I recently watched Bad Influencer on Netflix—a series that dives into South Africa’s world of counterfeit luxury goods. The message was clear: counterfeiting is a crime that hurts brands, deceives consumers, and funds illicit activity. It’s a problem to be stamped out.
But as I watched, I found myself wondering: if counterfeiting is entirely destructive, how did a country like China—once the global capital of “fakes”—build the most sophisticated manufacturing ecosystem on earth?
I’m not here to justify crime. But if we want to think critically, we must look at the mechanics. How does an economy built on imitation end up producing innovation?
Let’s explore what I call “the uncomfortable economics of counterfeiting.”

1. Factories, Not Just Fakes
A counterfeit factory is still a factory. It employs people, creates logistics networks, and circulates cash.
In the early 2000s, counterfeiting was estimated to account for as much as 8% of China’s GDP (PRC State Council). Analysts testified that **millions—perhaps tens of millions—**were employed in that gray economy. Entire towns depended on it.
In a country of over a billion people, employment was the first order of stability. Counterfeit or not, these factories paid wages and kept millions fed.
2. Piracy as a Pipeline to Skills
Let’s get personal.
Back in the early 2000s in Nigeria, legitimate software was expensive, and the internet wasn’t what it is today. Many of us learned Photoshop, CorelDRAW, and even coding using pirated software.
That “piracy” wasn’t just rebellion—it was access.
Studies back this up. A 2022 paper in the Balkan Journal of Social Sciences found that as software piracy increased in developing countries, poverty decreased. Another found a positive correlation between software piracy and science and engineering graduates.
China had a name for this process: Shanzhai (山寨)—literally “bandit fortress.” Shanzhai factories learned by copying. And through imitation, they mastered design, tooling, and materials science. Counterfeiting became a boot camp for capability.
3. The Shanzhai Supply Chain
Shanzhai culture birthed more than skills; it built the world’s fastest and most flexible supply chain.
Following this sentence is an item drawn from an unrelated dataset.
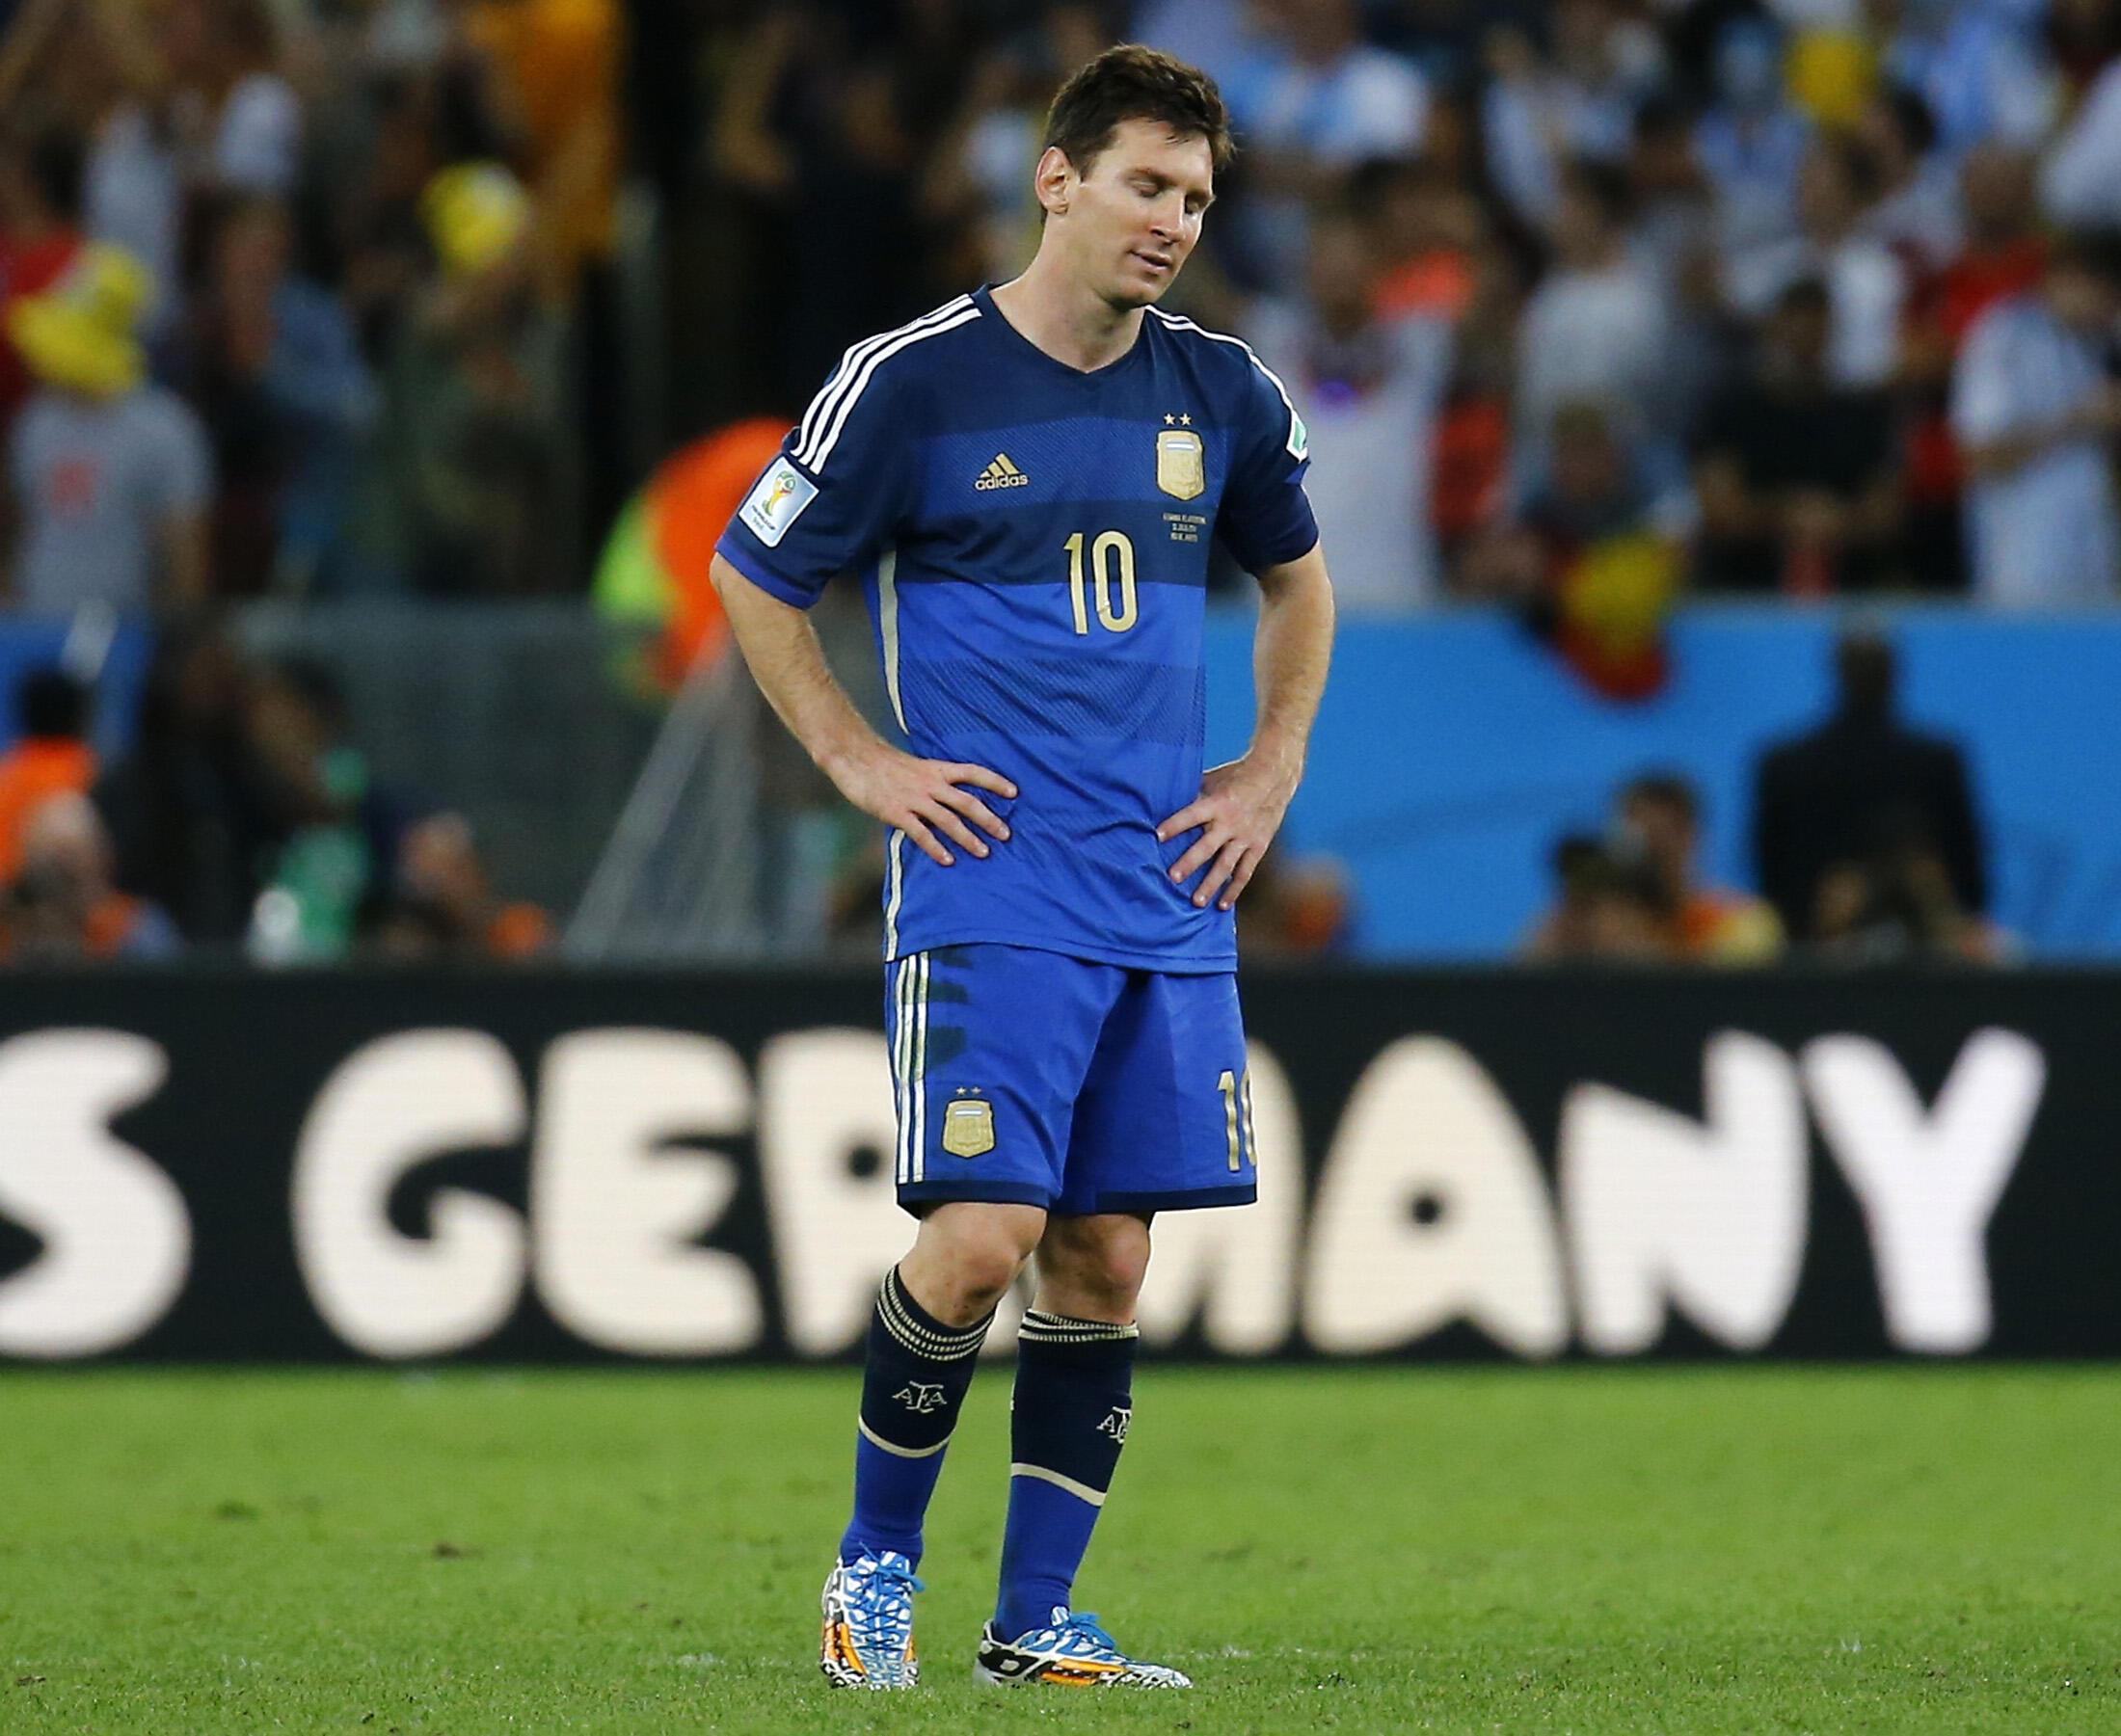 Juiz mantém acusações contra o jogador argentino Messi

In Shenzhen’s Huaqiangbei market, entrepreneurs could assemble a new electronic prototype within a week. You could source every screw, chip, and casing in a single district.
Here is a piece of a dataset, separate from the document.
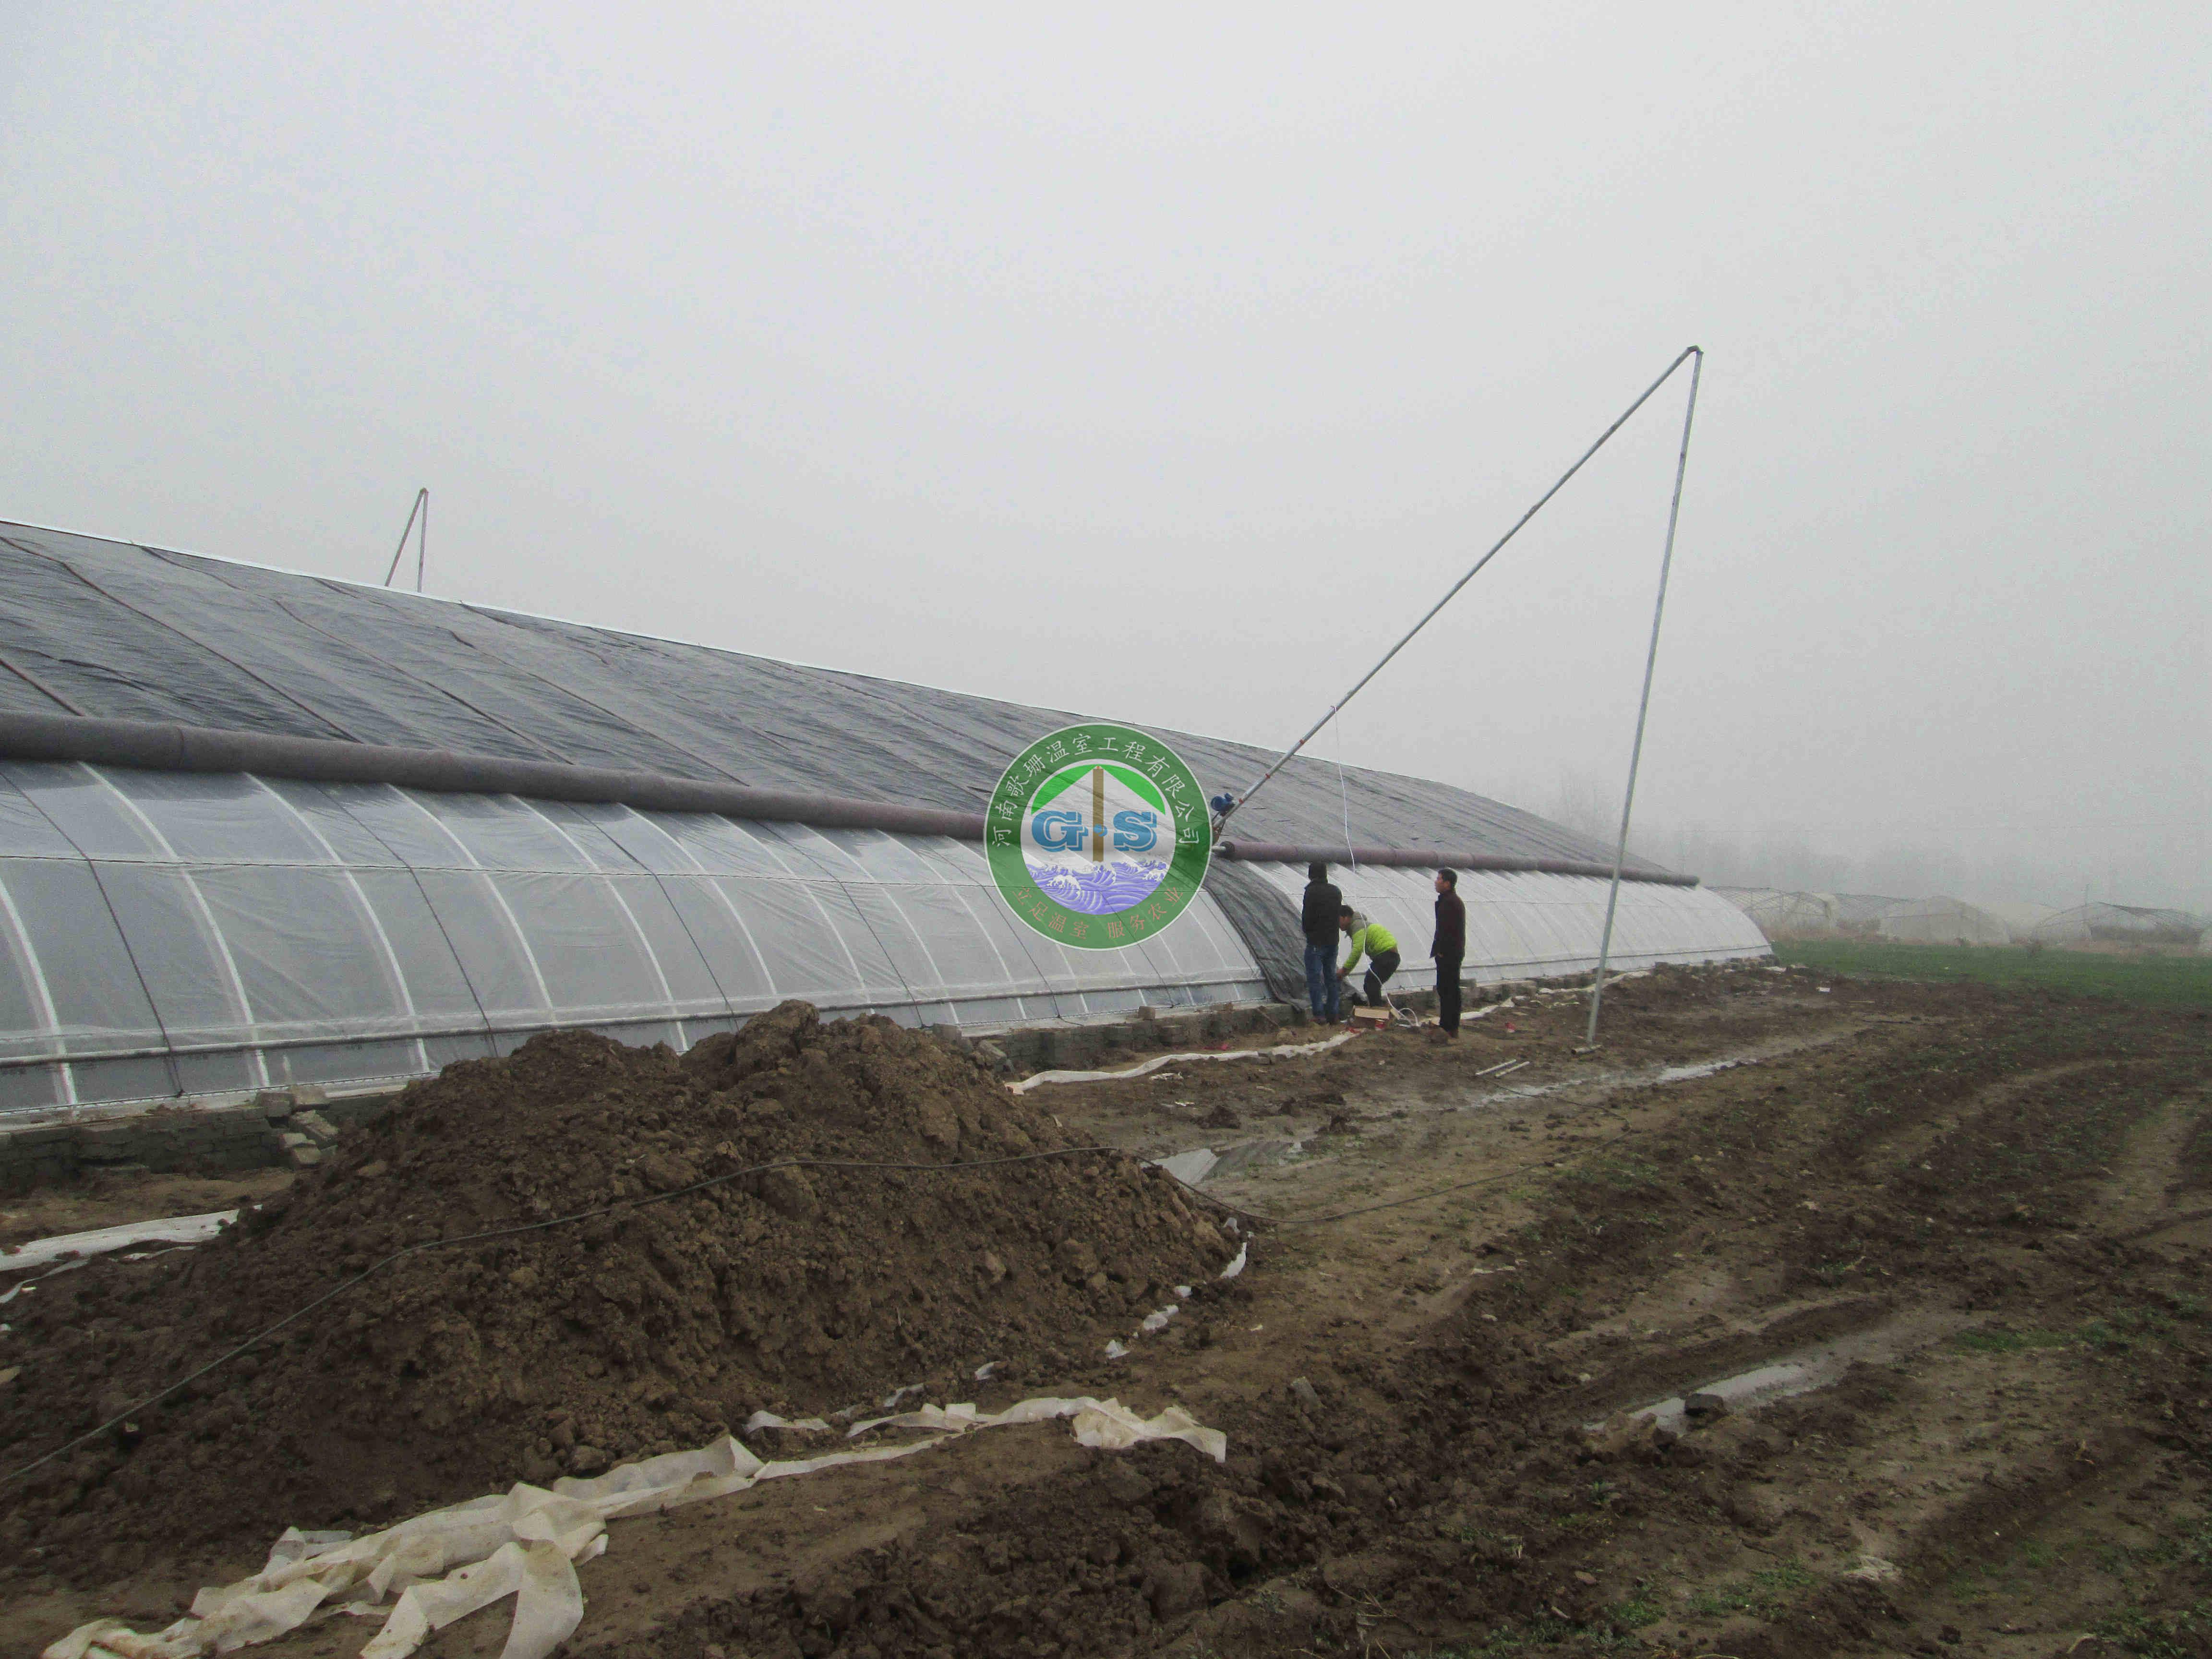 日光温室大棚设计图纸_八方资源网

Ironically, this “pirate” ecosystem became the foundation that global brands like Apple and Samsung later relied on. They didn’t just come to China for cheap labor—they came for an ecosystem already wired for speed and scale.
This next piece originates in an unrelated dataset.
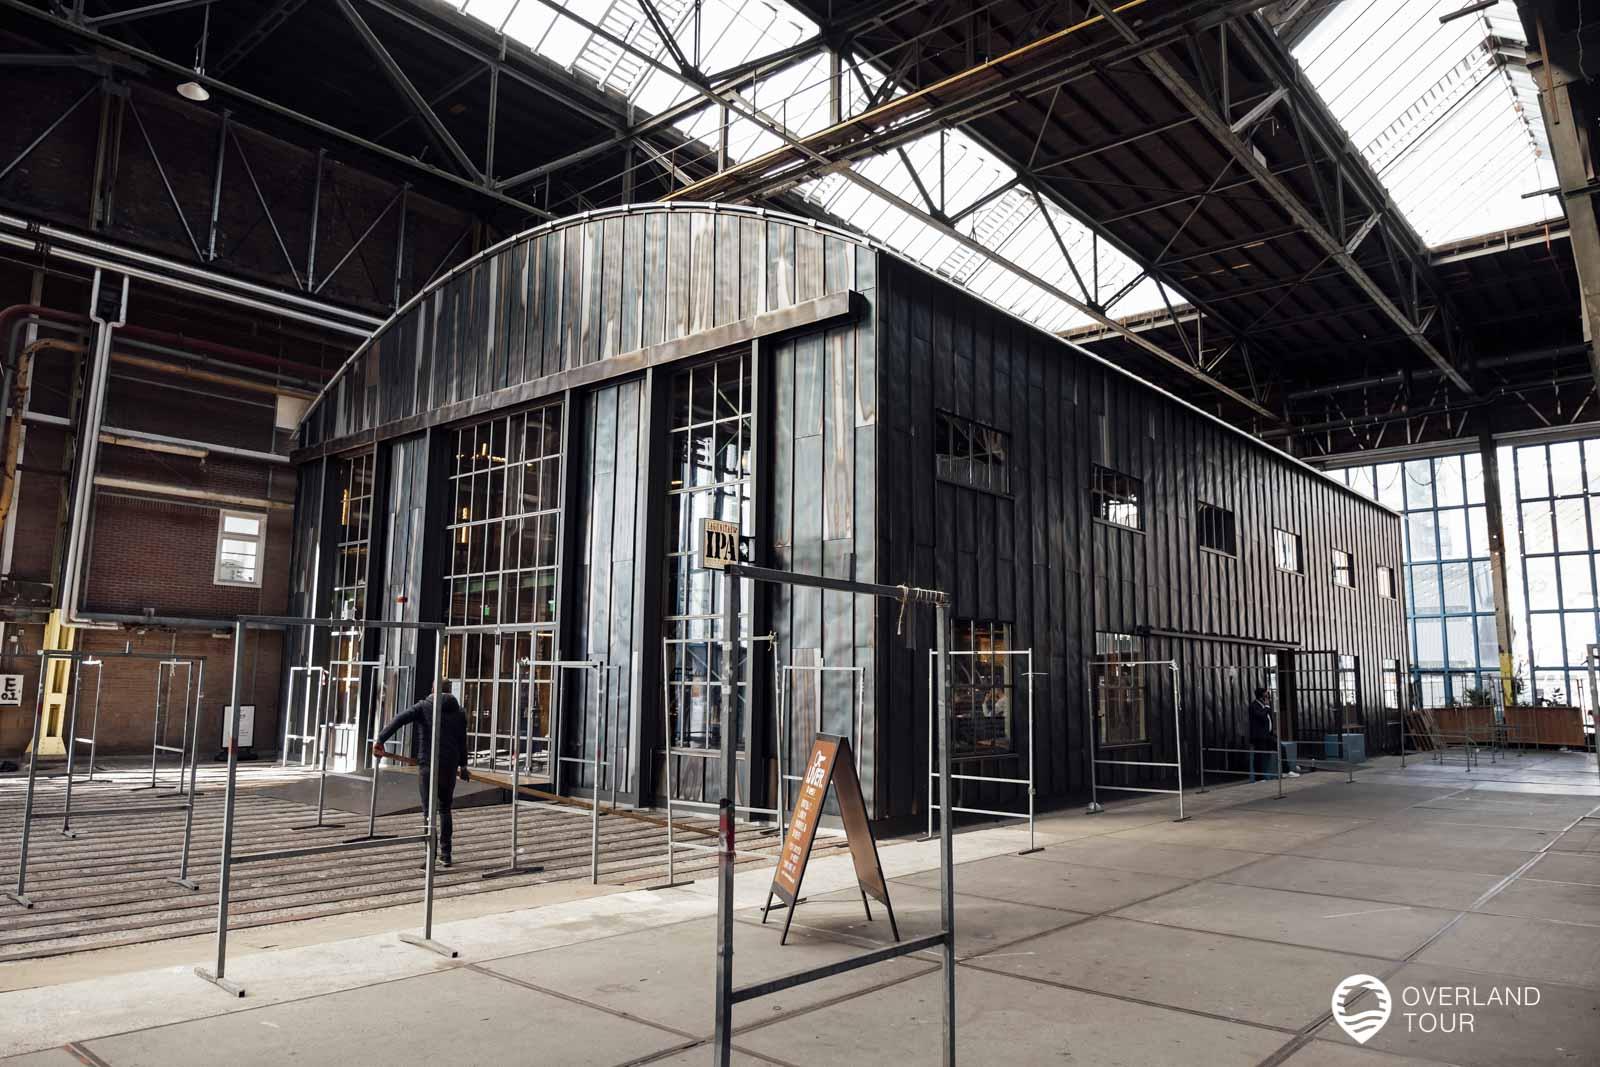 Die NDSM Werft Amsterdam

4. The Pivot: From Copycat to Competitor
After years of “faking it,” the skill base matured. The next step was inevitable: go legitimate.
Companies like Alibaba, Tencent, and Xiaomi started by emulating Western models. But they quickly outgrew imitation.
WeChat, for instance, began as a WhatsApp clone—and became a global “super app” that even Meta now imitates.
In other words, what began as piracy evolved into innovation. Counterfeiting became the training ground for transformation.
5. What Nigeria Can Learn
Now, the uncomfortable question: Should Nigeria discard this model entirely?
Probably yes—and no.
Yes, because in today’s hyperconnected world, intellectual property laws are stricter, sanctions harsher, and global supply chains far less forgiving.
But no, because the lesson remains: access breeds innovation.
Just as cheap pirated software helped many of us learn, affordable access to tools and training is how we build capability. Instead of criminalizing the gray markets in Aba, Nnewi, and Onitsha, why not empower them—through reliable power, logistics, and fair financing—to move from imitation to innovation?
Counterfeiting is not the goal. Capability is.
Final Thought
China’s counterfeit era is a messy, controversial story—but also a powerful case study.
When the formal path to industrialization didn’t exist, the informal economy created its own. It was risky, illegal, and imperfect—but it worked.
Maybe the real lesson is this: in every imitation lies a desire to create. The question is whether we’ll provide the tools to make that creation legitimate.